Okay, we're getting close to the idea time.
Tell me more. Tell me more.
Yeah, let me talk about my ideas now. Let's do the ideas. So I asked you, the homework was 1 to 3 ideas. You might have exceeded that, I don't know. Let me ask you, are you an idea person? Do you like constantly have ideas? Oh yeah. Where do you capture them? Or do you write them in your phone or notes app or something?
Phone, voice notes.
Do you plan to do anything with these or you just gotta like get it off your chest?
I am very good about socializing ideas as soon as I have them. I just put them out there, even if it's like, "Oh, maybe I could actually do something with this." If somebody else moves faster on it, cool. If they don't, cool.
You just tweet them out?
I just talk it out. I'll just talk with a friend. I have so many creative friends and people in the entrepreneurial world. Yeah, I just share. I was thinking about this. Wouldn't it be great if this existed? Would you use this if this—
existed. So give me one of them. What's, what's on your mind?

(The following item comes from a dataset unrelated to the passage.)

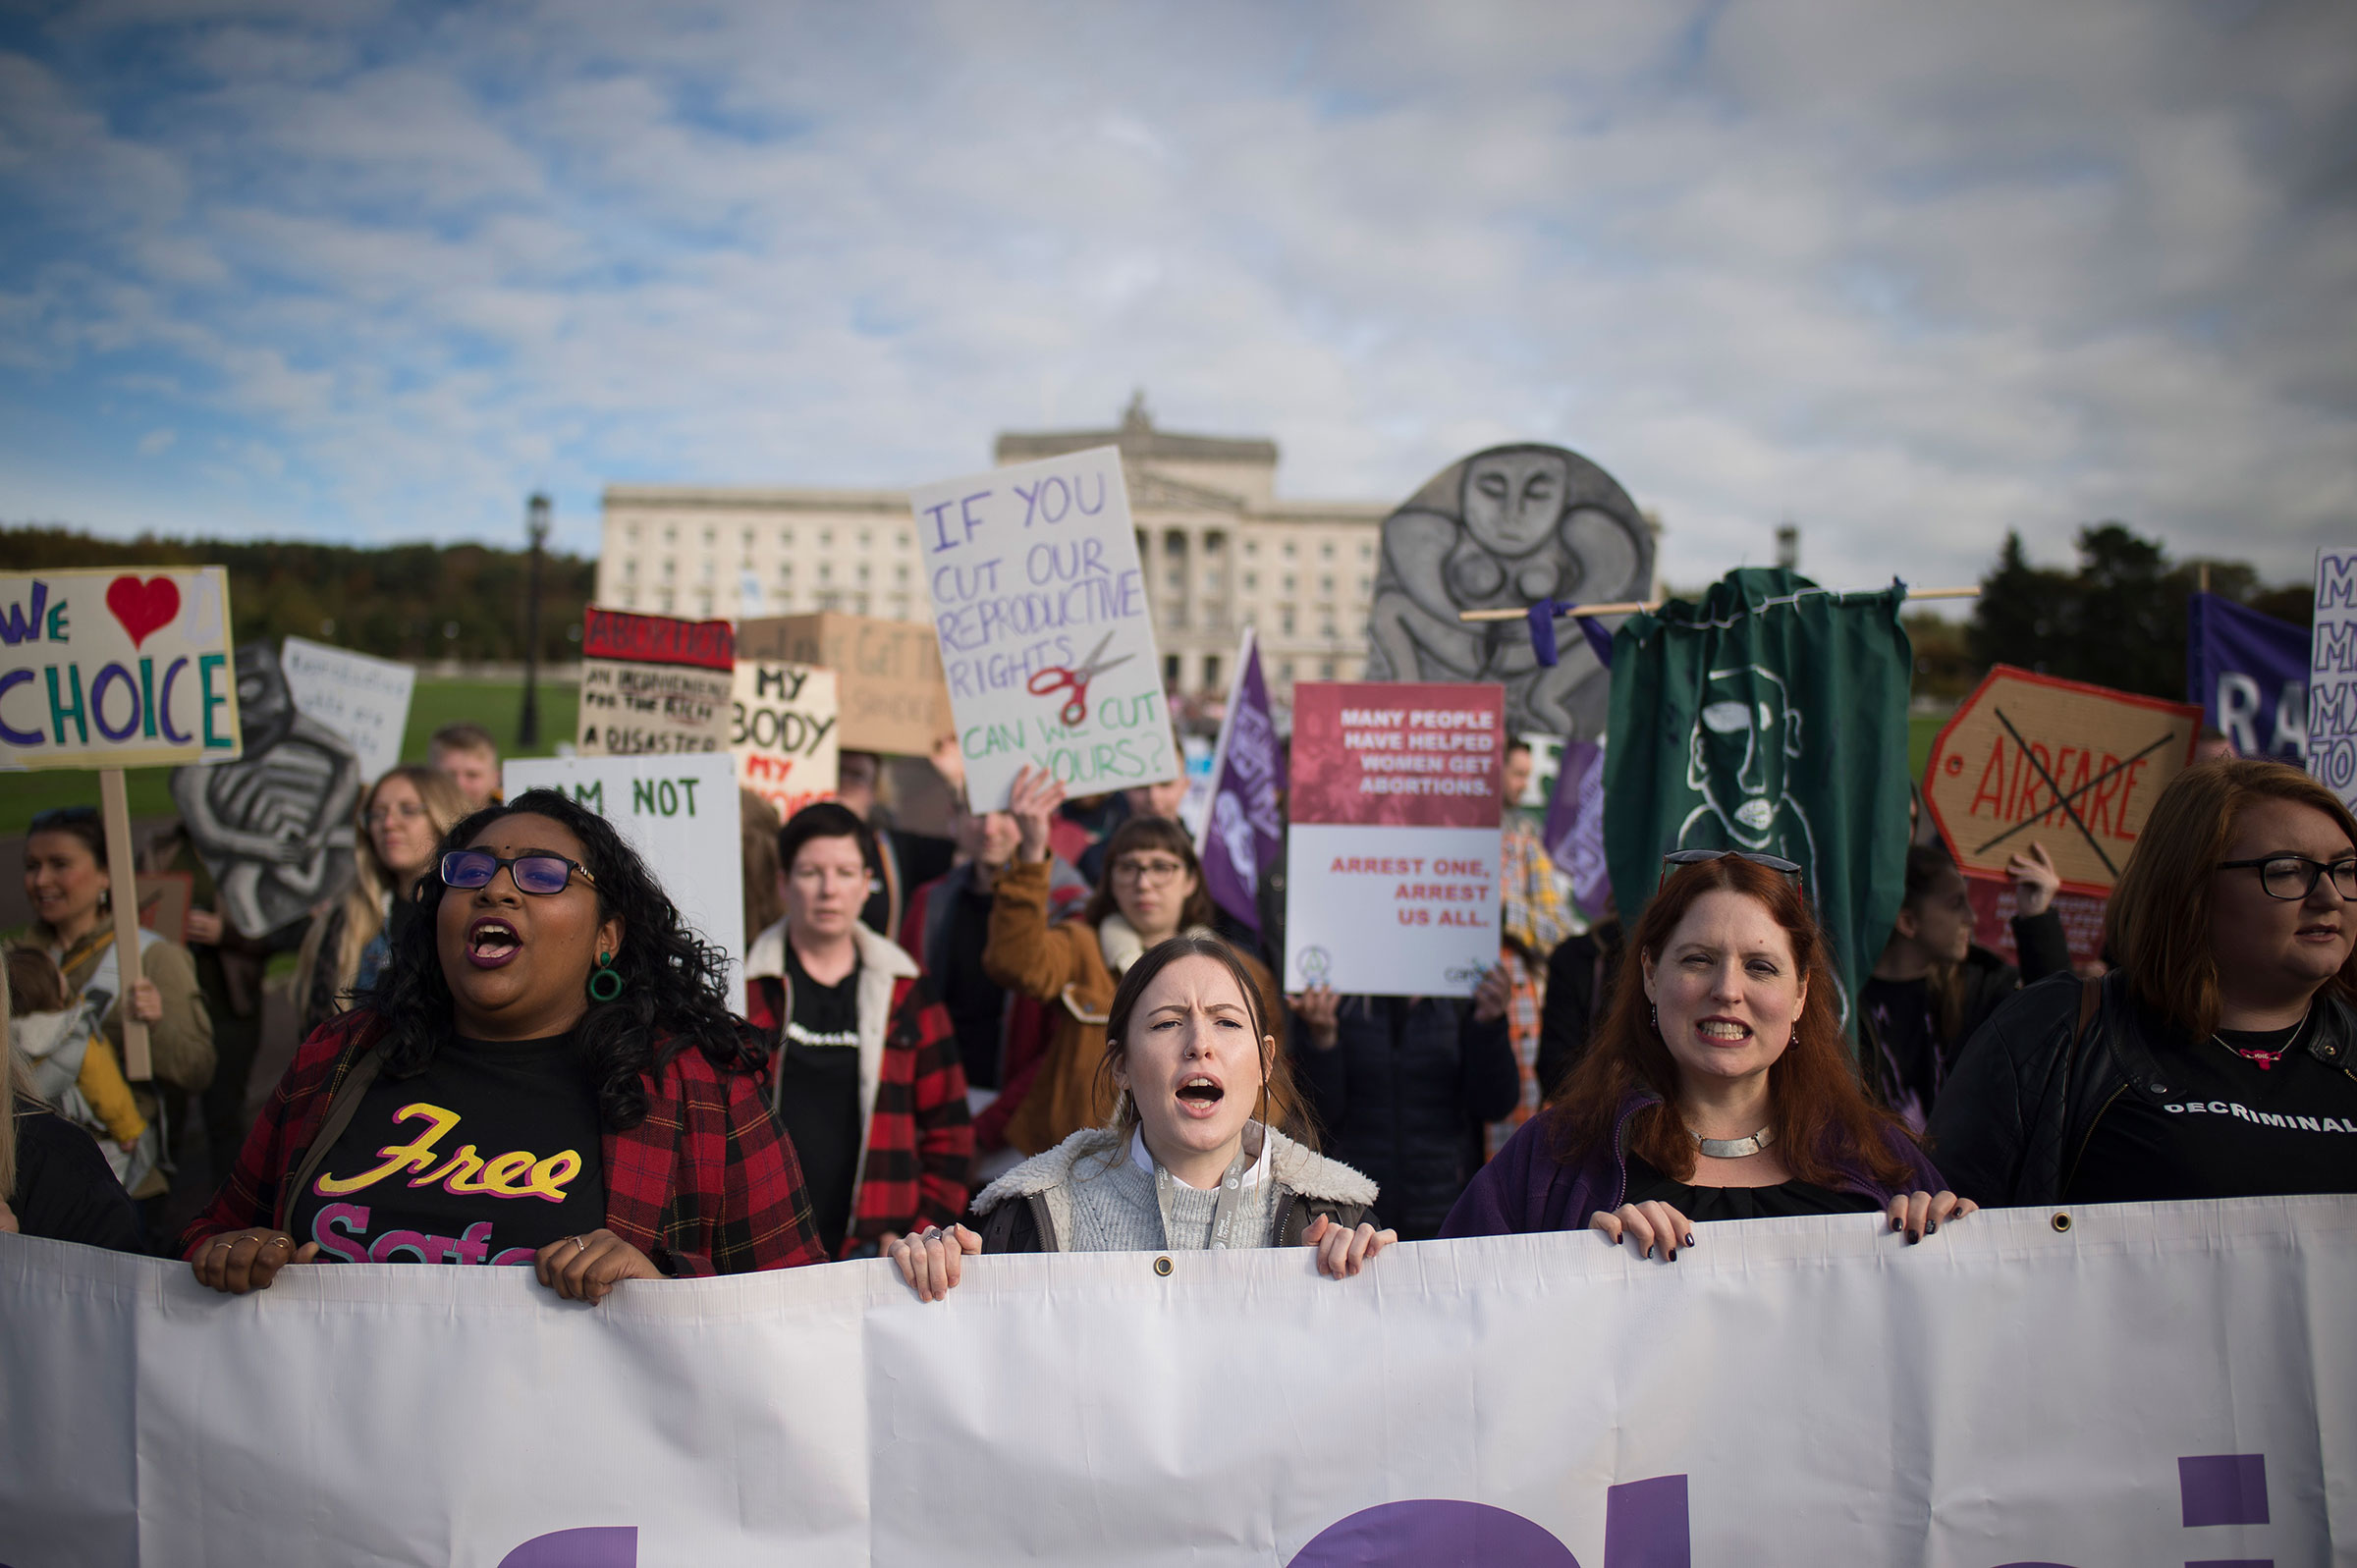 Members of abortion rights group Alliance for Choice make their way to Stormont in Belfast, Northern Ireland on Oct. 21, 2019. (Charles McQuillan—Getty Images)

Okay, one that I actually started— this was, I don't know, 6, 9 months ago— started messaging a few investor friends and people who I know are passionate about this topic, and they loved the idea. I got busy, so maybe somebody will do something with this. So an app that lets me enter all the life decisions that I want to enter and evaluate and measure my real environmental impact. So the shampoo I buy, the method of transportation I have, my food choices, and I want to score, right? It's just for me. And then if there's enough, if there are enough people participating, enough data points, it can kind of benchmark by region. By different demographic if I opt in to show that, because there is so much greenwashing that there are things that are promoted or advertised as better for the planet that when I've had occasion to work with experts or go deep into the research of the entire value chain, it's actually not. And there, you know, there are websites right now that rank products in this way. So EWG, you know, whatever version it's become now where you can put in your SKU, scan the barcode, and it'll tell you if it's like green, yellow, or red, or if it's good, fair, bad, or horrible for the planet, or if it's got concerning ingredients for your body. So like a really souped-up version of that where it's easy to click transportation home, utilities, food, whatever it is, and I put it in and then I can see how the choices I make add value to the planet or are hurting. And for me, it's just about driving more consciousness. And then of course you could gamify it and like do all kinds of things, and it could actually create energy around the growth of companies that really are net better for the planet. So it just feels like there's a lot of good that could come from that.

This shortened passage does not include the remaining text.